*EXERCISE DETAILS*.
Among the entries below, the lines from the one with "Yellow and brown" up to and including the one with "Crafted with care, this" are to be restated exactly, without pictures.

*DATA FOR THIS TASK*.
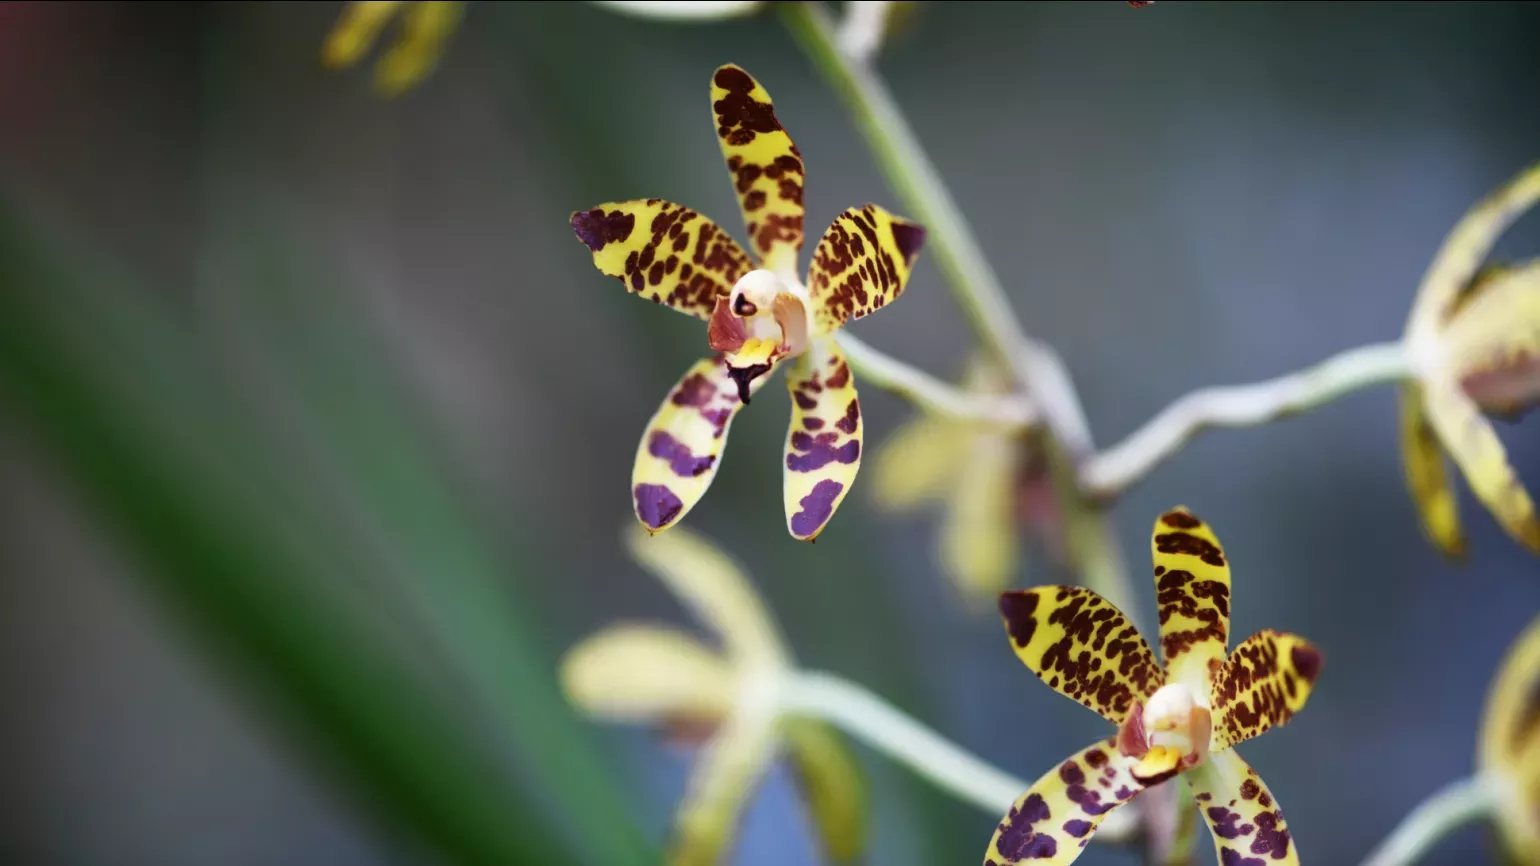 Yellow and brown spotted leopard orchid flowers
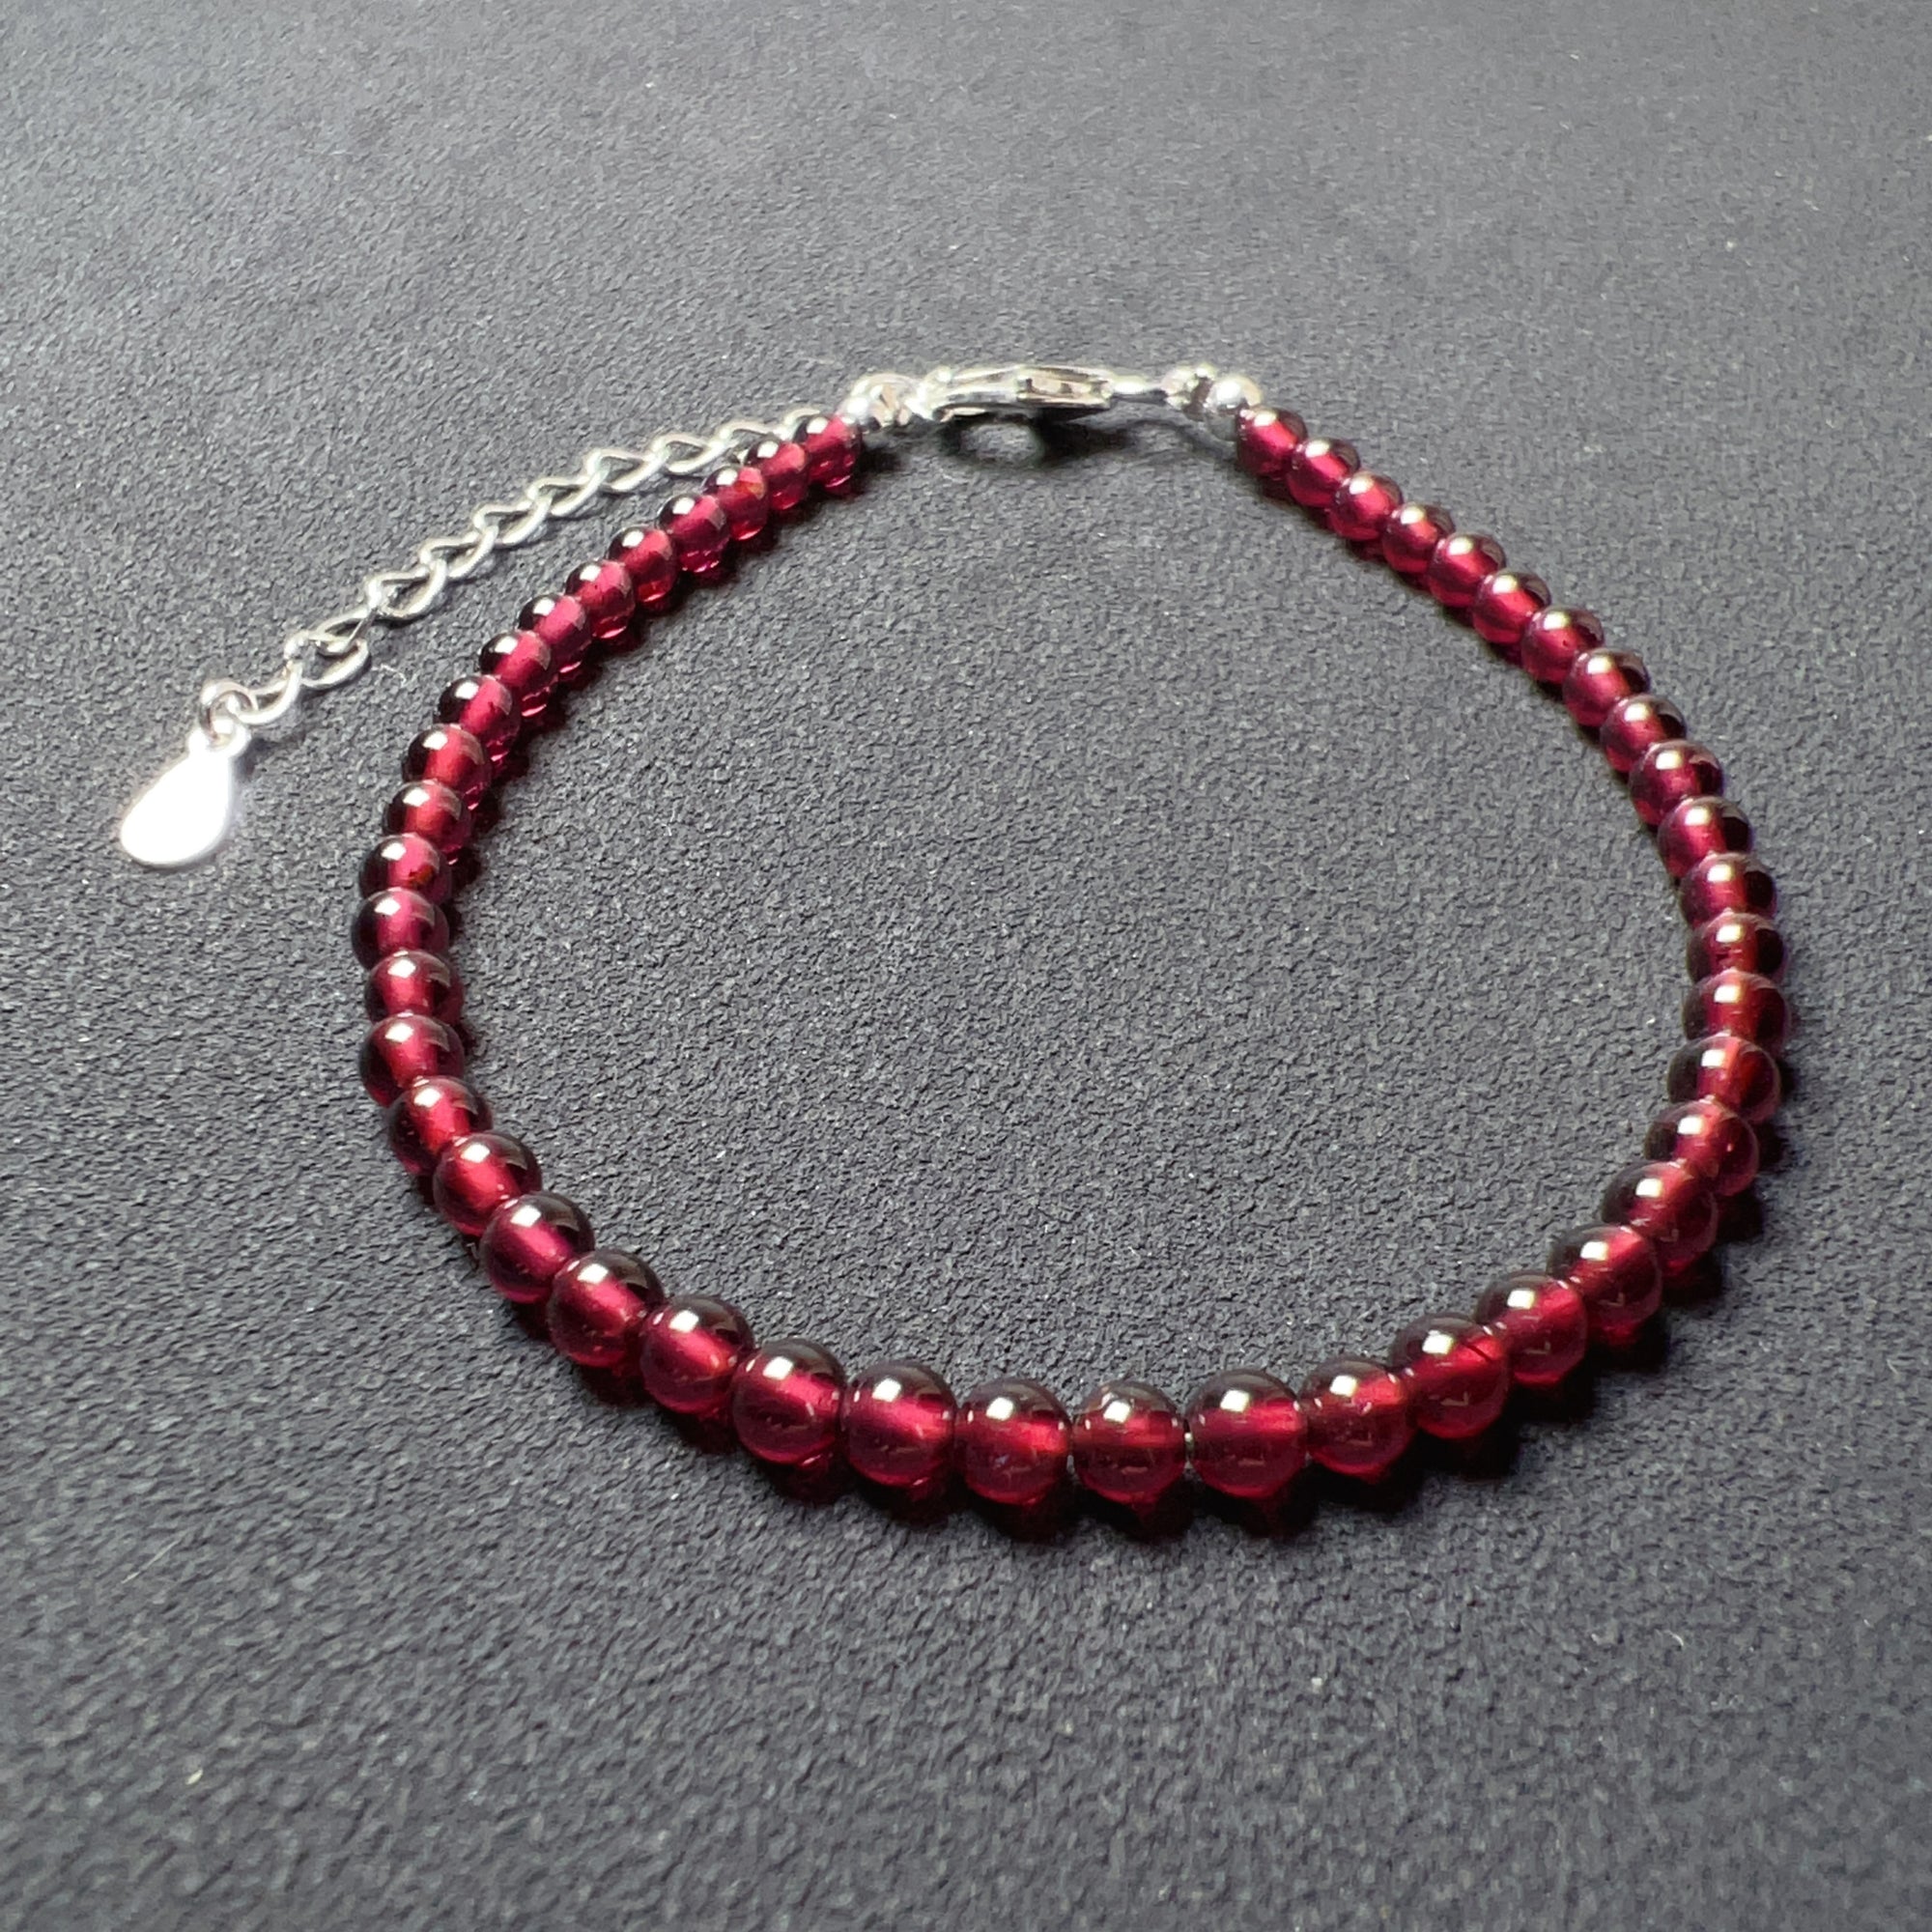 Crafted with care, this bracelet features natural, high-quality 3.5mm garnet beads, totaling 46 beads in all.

---

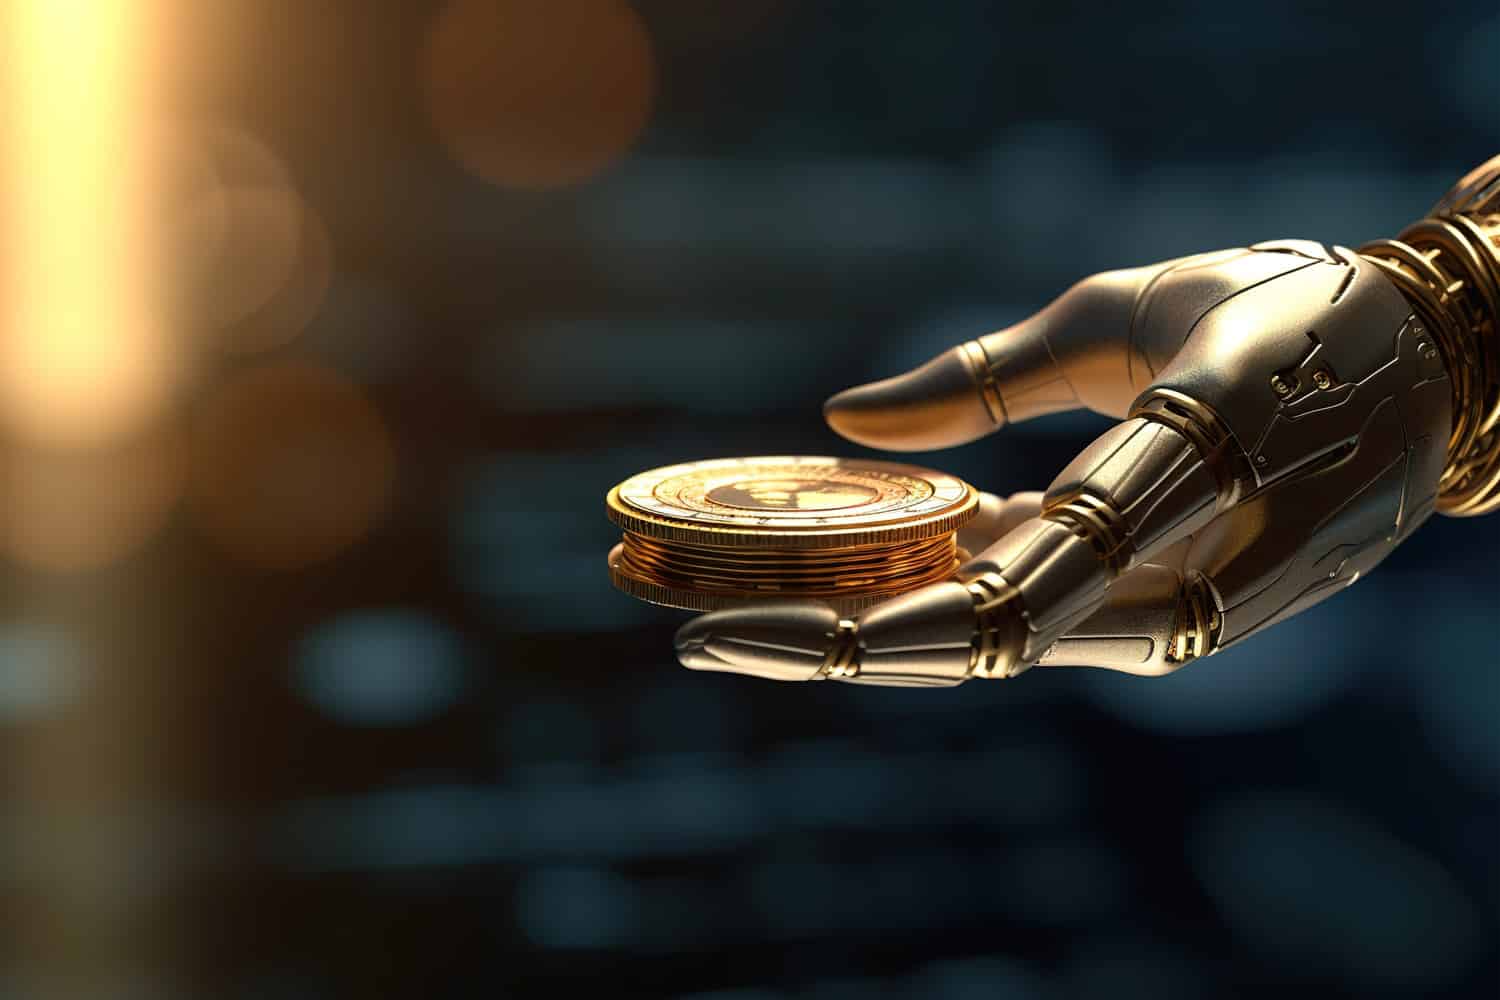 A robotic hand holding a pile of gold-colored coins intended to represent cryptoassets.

==

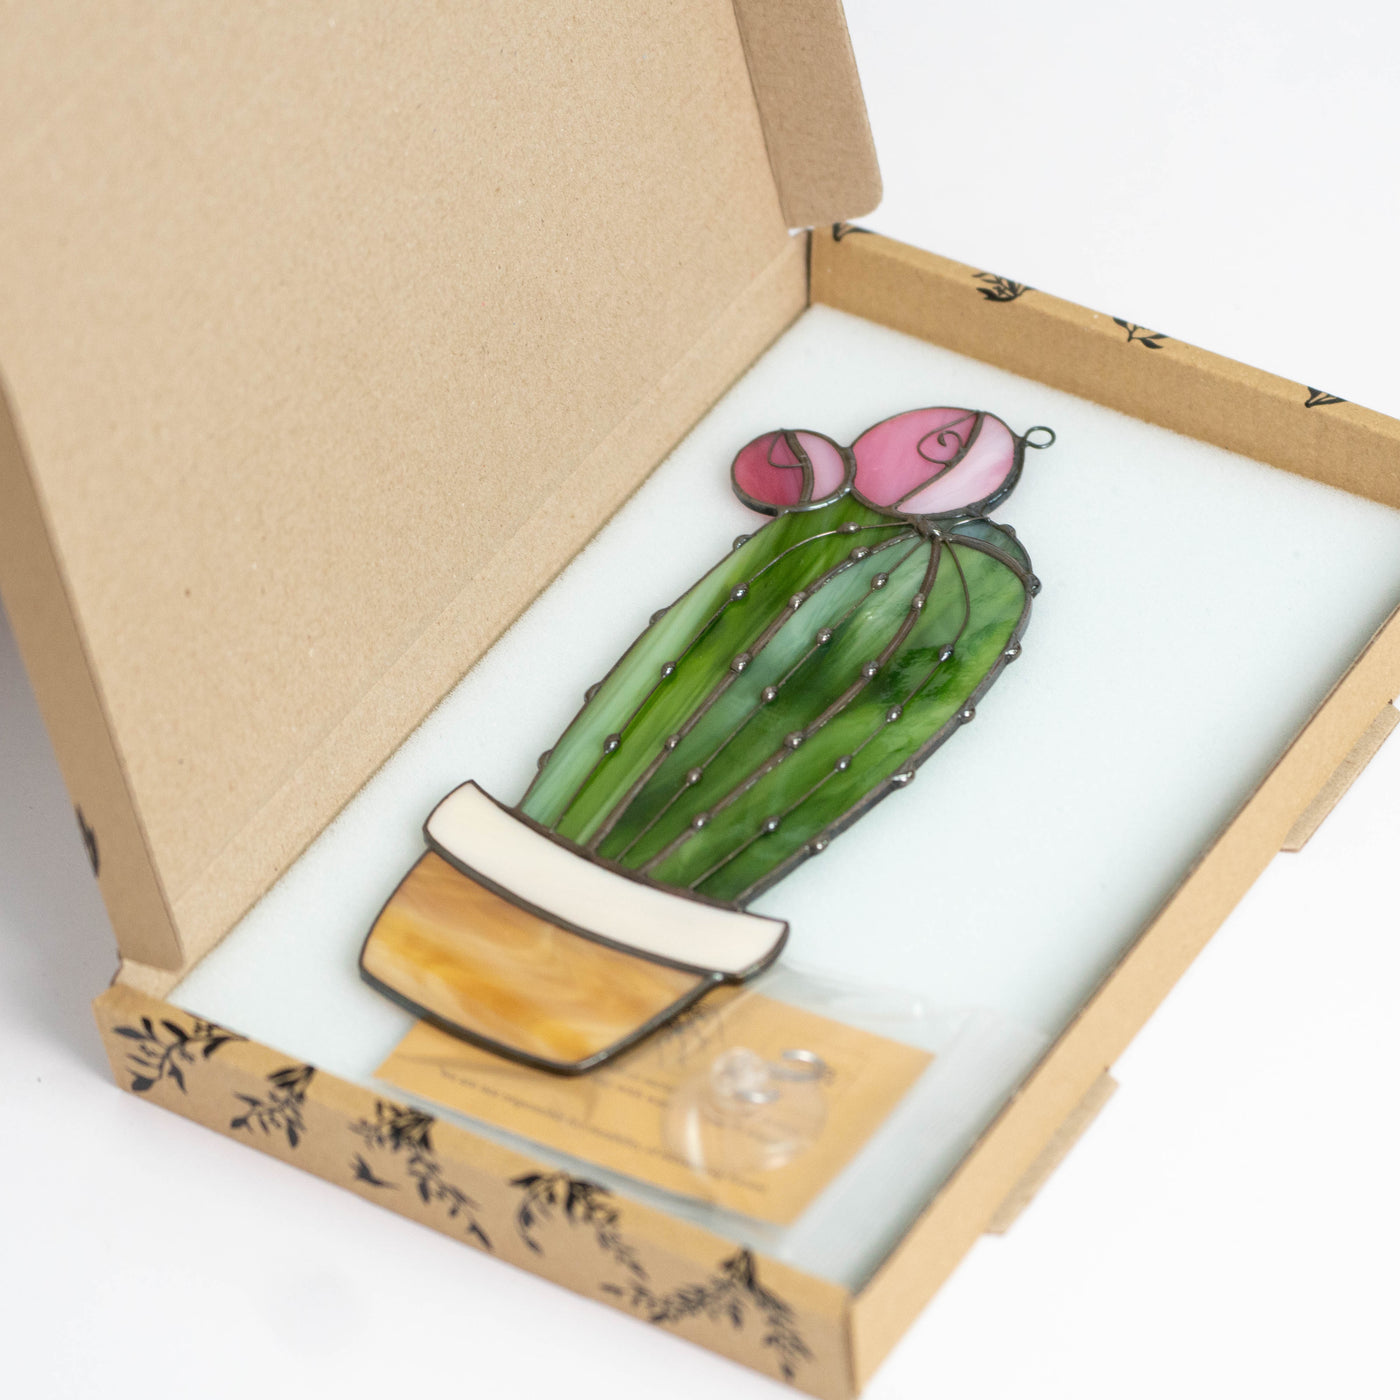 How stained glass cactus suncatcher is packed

*EXERCISE RESPONSE*.
 Yellow and brown spotted leopard orchid flowers
 Crafted with care, this bracelet features natural, high-quality 3.5mm garnet beads, totaling 46 beads in all.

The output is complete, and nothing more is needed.